Tag: TSMC

  • The Challenge of Capacity

    The rise of Asia as a force to be reckoned with in large scale manufacturing of critical components like batteries, solar panels, pharmaceuticals, chemicals, and semiconductors has left US and European governments seeking to catch up with a bit of a dilemma.

    These activities largely moved to Asia because financially-motivated management teams in the West (correctly) recognized that:

    • they were low return in a conventional financial sense (require tremendous investment and maintenance)
    • most of these had a heavy labor component (and higher wages in the US/European meant US/European firms were at a cost disadvantage)
    • these activities tend to benefit from economies of scale and regional industrial ecosystems, so it makes sense for an industry to have fewer and larger suppliers
    • much of the value was concentrated in design and customer relationship, activities the Western companies would retain

    What the companies failed to take into account was the speed at which Asian companies like WuXi, TSMC, Samsung, LG, CATL, Trina, Tongwei, and many others would consolidate (usually with government support), ultimately “graduating” into dominant positions with real market leverage and with the profitability to invest into the higher value activities that were previously the sole domain of Western industry.

    Now, scrambling to reposition themselves closer to the forefront in some of these critical industries, these governments have tried to kickstart domestic efforts, only to face the economic realities that led to the outsourcing to begin with.

    Northvolt, a major European effort to produce advanced batteries in Europe, is one example of this. Despite raising tremendous private capital and securing European government support, the company filed for bankruptcy a few days ago.

    While much hand-wringing is happening in climate-tech circles, I take a different view: this should really not come as a surprise. Battery manufacturing (like semiconductor, solar, pharmaceutical, etc) requires huge amounts of capital and painstaking trial-and-error to perfect operations, just to produce products that are steadily dropping in price over the long-term. It’s fundamentally a difficult and not-very-rewarding endeavor. And it’s for that reason that the West “gave up” on these years ago.

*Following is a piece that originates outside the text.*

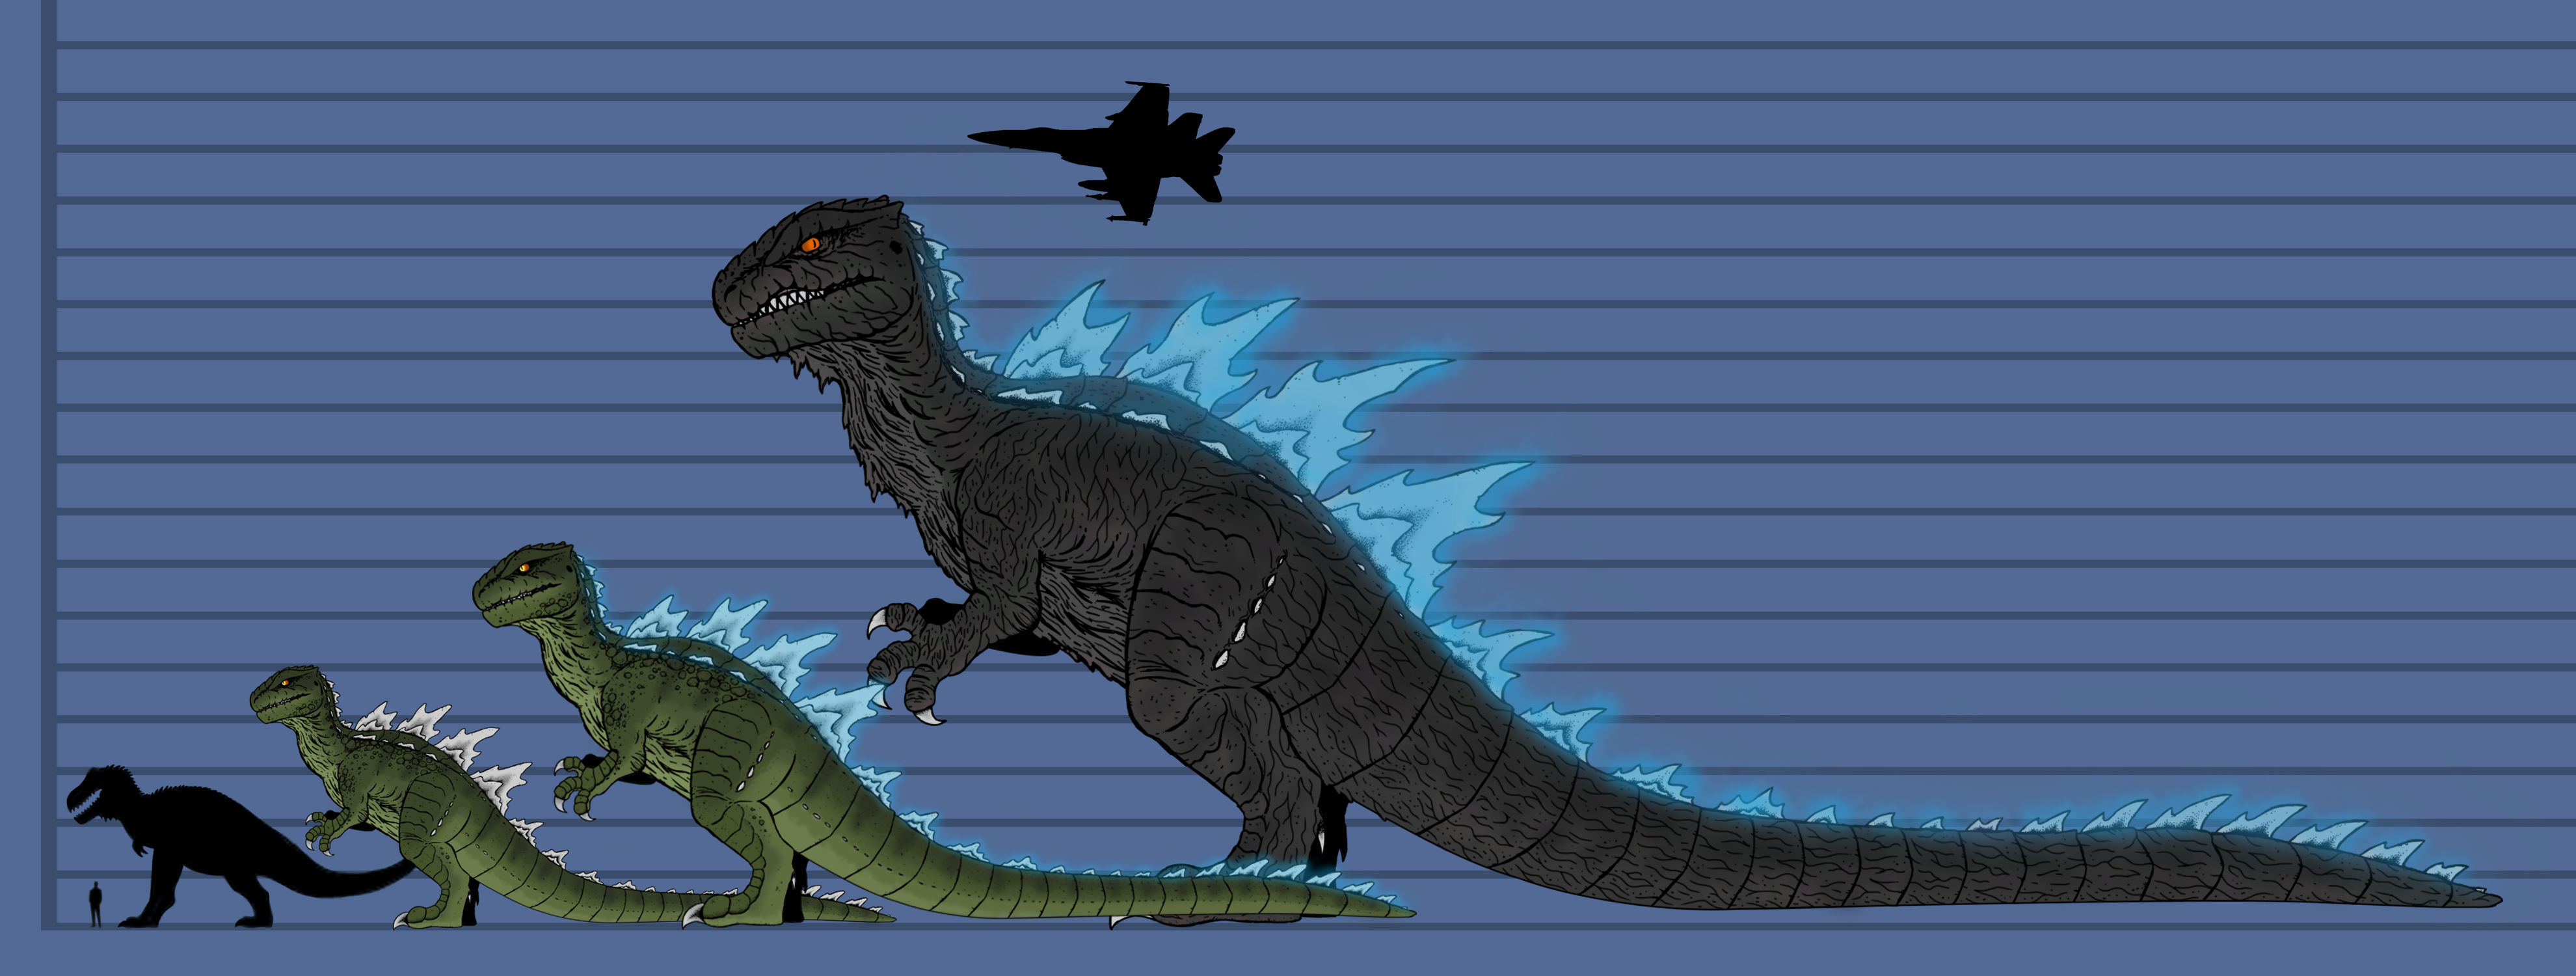 G1: Godzilla by DinoHunter2 on DeviantArt

    But if US and European industrial policy is to be taken seriously here, the respective governments need to internalize that reality and be committed for the long haul. The idea that what these Asian companies are doing is “easily replicated” is simply not true, and the question is not if but when will the next recipient of government support fall into dire straits.

    From the start, Northvolt set out to build something unprecedented. It didn’t just promise to build batteries in Europe, but to create an entire battery ecosystem, from scratch, in a matter of years. It would build the region’s biggest battery factories, develop and source its own materials, and recycle its own batteries. And, with some help from government subsidies, it would do so while matching prices from Asian manufacturers that had dominated global markets.

    Northvolt’s ambitious attempt to compress decades of industry development into just eight years culminated last week, with its filing for Chapter 11 bankruptcy protection and the departure of several top executives, including CEO Peter Carlsson. The company’s downfall is a setback for Europe’s battery ambitions — as well as a signal of how challenging it is for the West to challenge Chinese dominance.

    What Northvolt’s bankruptcy means for Europe’s battery ambitions
    Maeve Allsup | Latitude Media

  • Why Intel has to make its foundry business work

    Historically, Intel has (1) designed and (2) manufactured its chips that it sells (primarily into computer and server systems). It prided itself on having the most advanced (1) designs and (2) manufacturing technology, keeping both close to its chest.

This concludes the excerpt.